Tuesday, July 21, 2009

Sweetness and Light: Understanding Agave, HFCS, and Year-Round "Honey"

I started using Agave "nectar" earlier this year when I got serious about avoiding artificial sweeteners, refined white sugar, and high fructose corn syrup (HFCS). Once we had our own honey supply, I quit using Agave. Shortly after I did this, I read two articles that explained how Agave is a fraud as far as natural sweeteners go; it is not a true nectar, and it does not necessarily have a low-glycemic index. Read more here.


This article in Nourishing Traditions explains why you should avoid HFCS and agave.

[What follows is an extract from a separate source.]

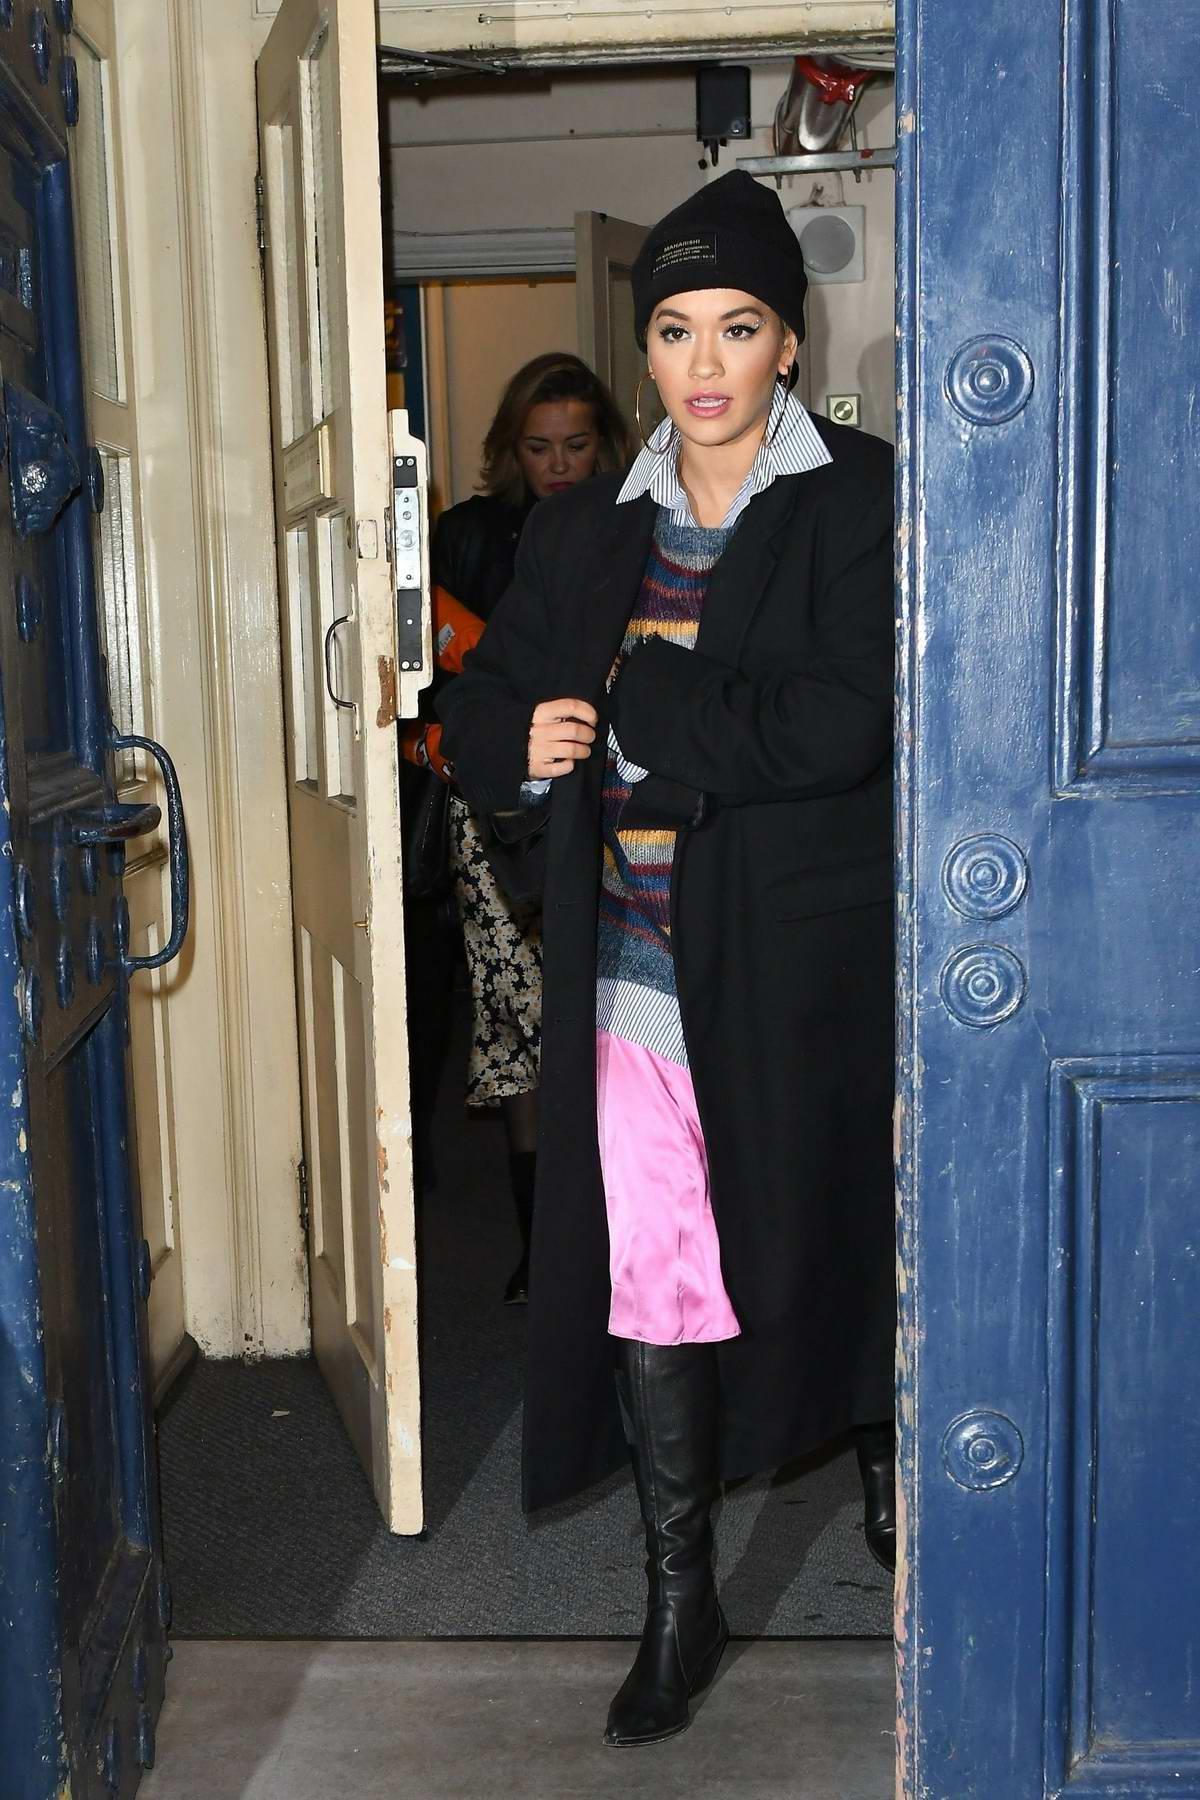 Rita Ora leaving the Royal Drury Lane Theatre in London, UK
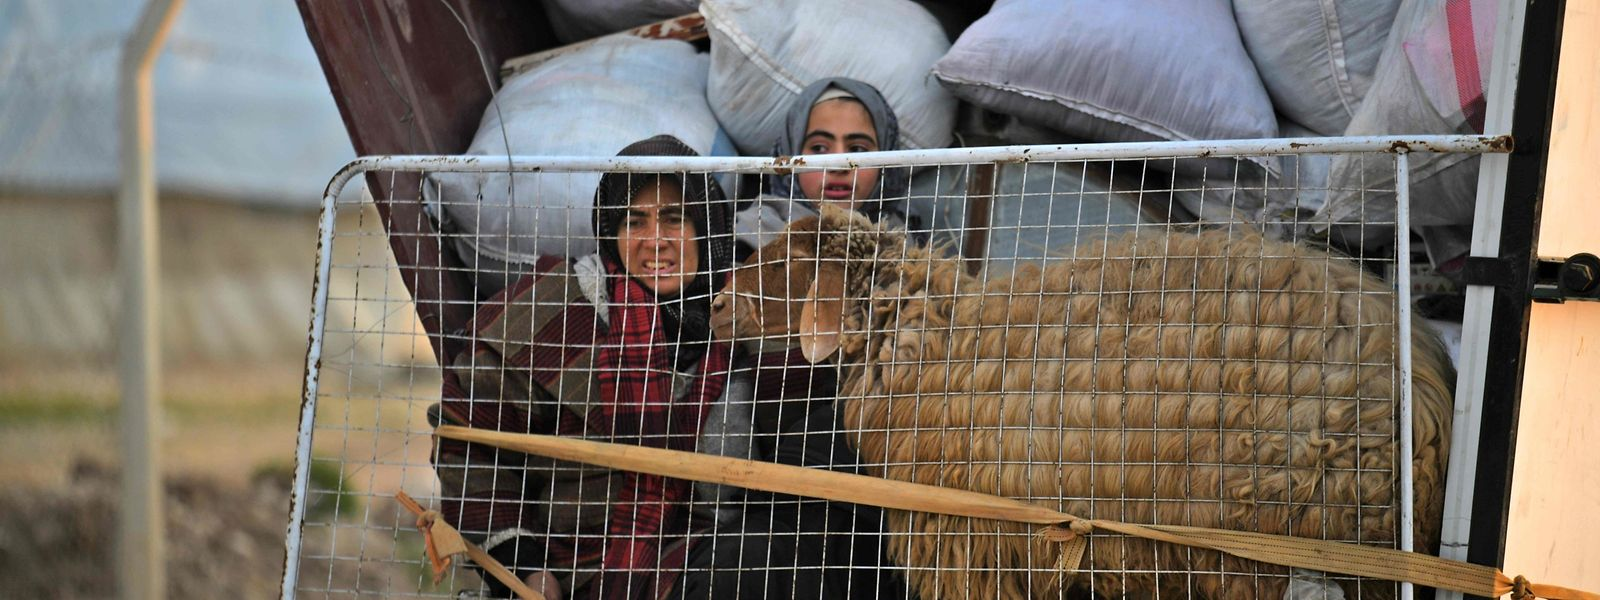 Des civils fuient Idlib pour se rendre dans un camp de réfugiés près de la frontière syro-turque.

Furthermore, it says that honey "whether USDA-certified or not, in various grades, is only produced in the mid spring to late summer, when the biological materials are readily available for bees to digest, convert and regurgitate."

Honey production the rest of the year comes from "feeding bees refined sucrose or refined crystallized or liquid HFCS during the months when pollen and nectar are not available. The bees then run the sweetener through their digestive tracts. The resulting product is labeled as honey but it may not have the same quality as natural honey. Higher levels of refined fructose in honey cause accelerated Maillard browning reactions when heated above 140 degrees F."

I don't see how honey produced from feeding bees sugar could help with allergies. That comes from them feeding on pollen. So it does seem to me that sugar-fed bees produce a different product from those that gather nectar and pollen from plants.

After three days eating our honey, Emma, who measures her sinus congestion by how far up the piano keyboard she can sing, added three notes to her range. So we will add hives until we are able to harvest enough honey to meet our yearly needs. Until then, we will supplement by purchasing raw honey from local beekeepers who do not feed their bees.